• Aucun résultat trouvé

5. Analyses empiriques

5.3 Analyses statistiques

5.3.1 Tests de différences des valeurs moyennes

Avant d’analyser les résultats des estimations économétriques, il s’avère nécessaire d’analyser le « comportement naturel » de nos données en effectuant quelques analyses statistiques. Pour ce faire, nous effectuons des tests de différence des valeurs moyennes de l’indice des institutions de droits de propriété privée en fonction des différentes caractéristiques des pays de notre échantillon.

Selon l’approche économique, une augmentation du revenu par tête est favorable à l’amélioration de la qualité des institutions de droits de propriété privée. Statistiquement, on devrait s’attendre à ce que les pays les plus riches -en termes de revenu par tête- soient dotés de meilleures institutions de protection des droits de propriété. C’est ce qui semble ressortir du tableau I.1 puisqu’il apparaît dans ce tableau, que les pays dont le revenu par tête en 1970 est supérieur à la moyenne de l’échantillon, disposent relativement de meilleures institutions. Le tableau I.1 indique une différence de 1,82 de la valeur de la qualité des institutions de protection des droits de propriété en faveur des pays dont le revenu par tête en 1970 est supérieur à la moyenne, comparativement à leurs homologues dont le revenu par tête est inférieur à la moyenne du revenu par tête dans notre échantillon. Cette différence est significative à 1%, et est supérieure à la valeur de l’écart type (1,65, confer tableau AI.2 dans l’annexe relative à ce chapitre) de l’indice des institutions de droits de propriété dans notre échantillon.

L’approche historique de l’analyse de qualité des institutions accorde un avantage aux pays de droit commun sur leurs homologues de droit civil en matière de protection des droits de propriété privée. L’analyse statistique semble ne pas remettre en cause cette hypothèse, puisqu’il apparaît que la qualité des institutions de protection des droits de propriété est en moyenne supérieure dans les pays de droit commun, comparativement aux pays de droit civil. Cette différence (-0,68) est statistiquement significative à 5% mais faible. En valeur absolue, elle est inférieure à la valeur de l’écart type des institutions de droits de propriété dans notre échantillon.

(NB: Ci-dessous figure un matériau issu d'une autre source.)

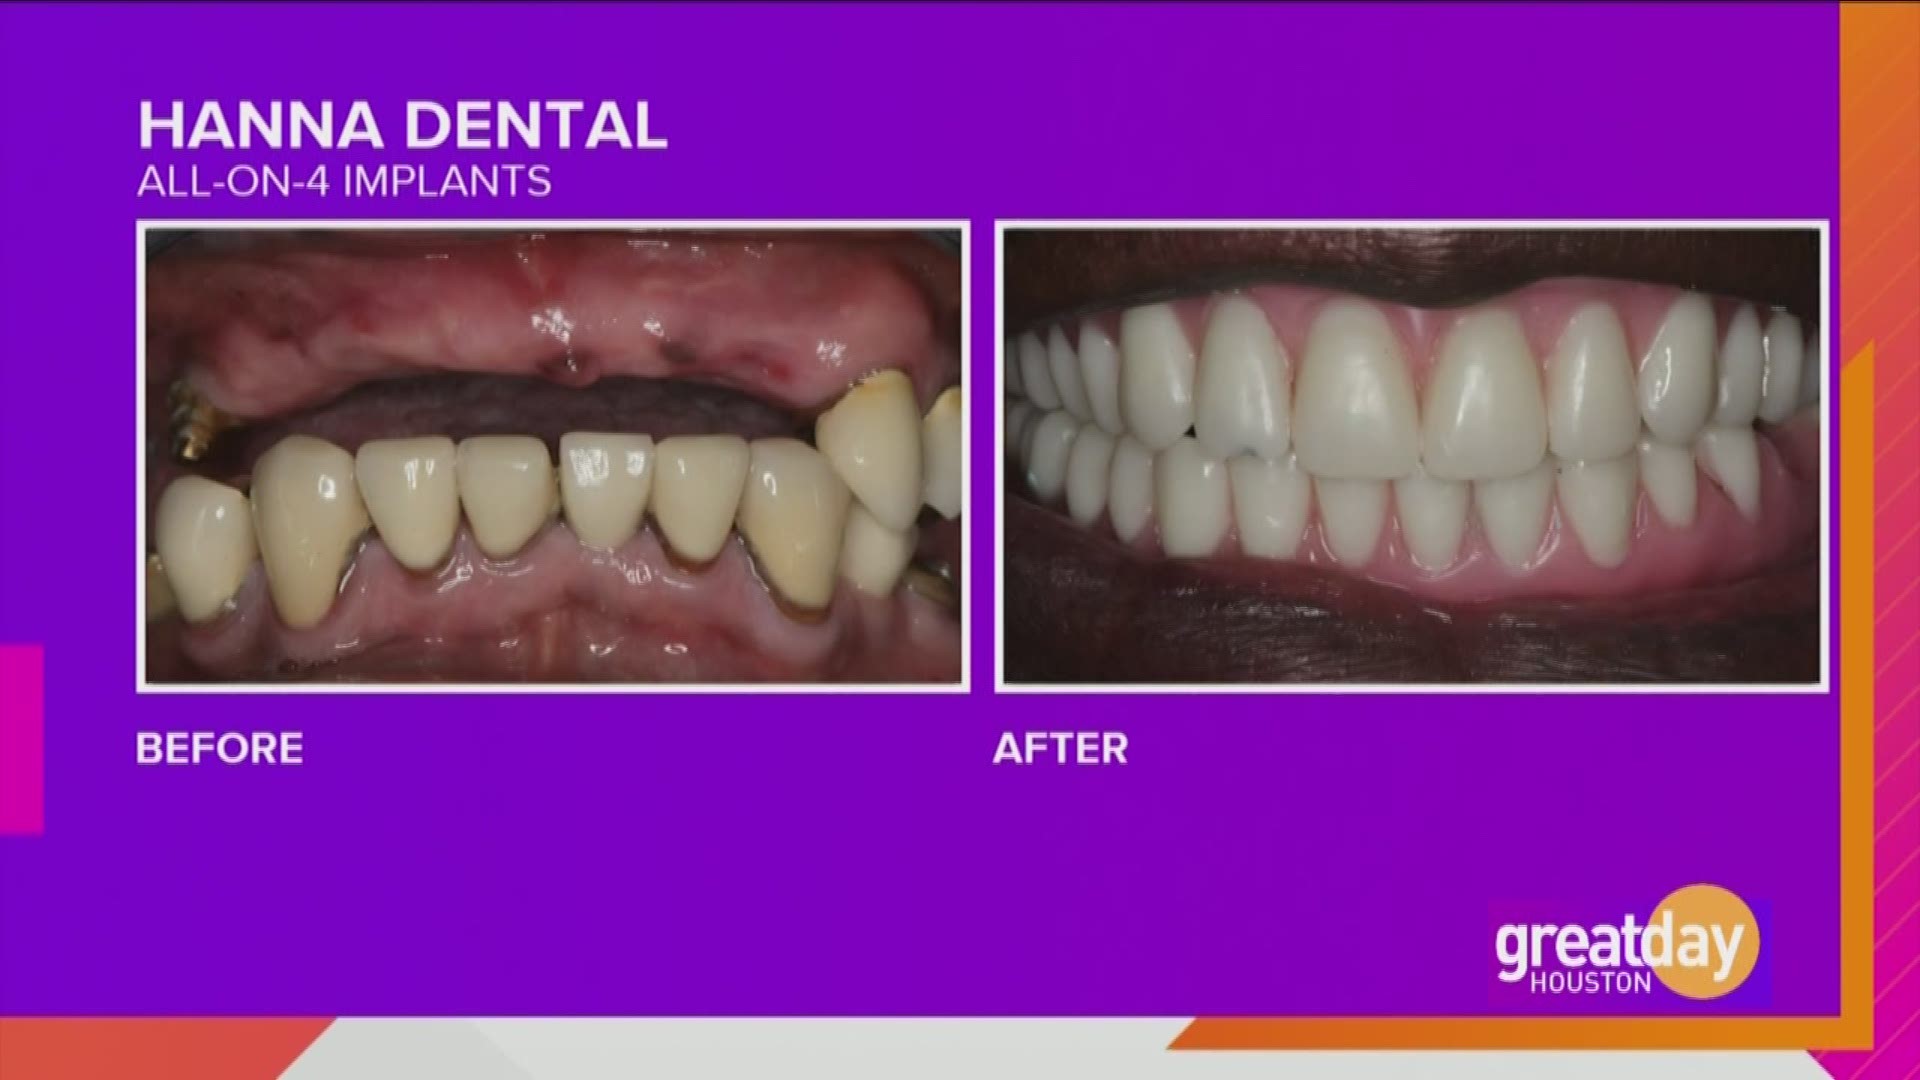 Hanna Dental Implant Center helped Cristina Martinez get her smile back

44 Dans la logique de l’approche culturelle, les pays de confession religieuse protestante sont supposés disposer d’un avantage en matière de protection des droits de propriété comparativement aux autres pays. Pour vérifier statistiquement la validité de cette hypothèse, nous comparons les valeurs moyennes de la qualité des institutions de protection des droits de propriété entre pays selon l’appartenance religieuse de leurs populations. Dans ce cas, le tableau I.1 indique que les pays dont le pourcentage de la population de confession protestante est supérieur à la moyenne de l’échantillon, disposent de meilleures institutions de protection des droits de propriété comparativement à leurs homologues dont le pourcentage des protestants est inférieur à la moyenne de l’échantillon. Cette différence est statistiquement significative à 1% et conforme à l’approche culturelle.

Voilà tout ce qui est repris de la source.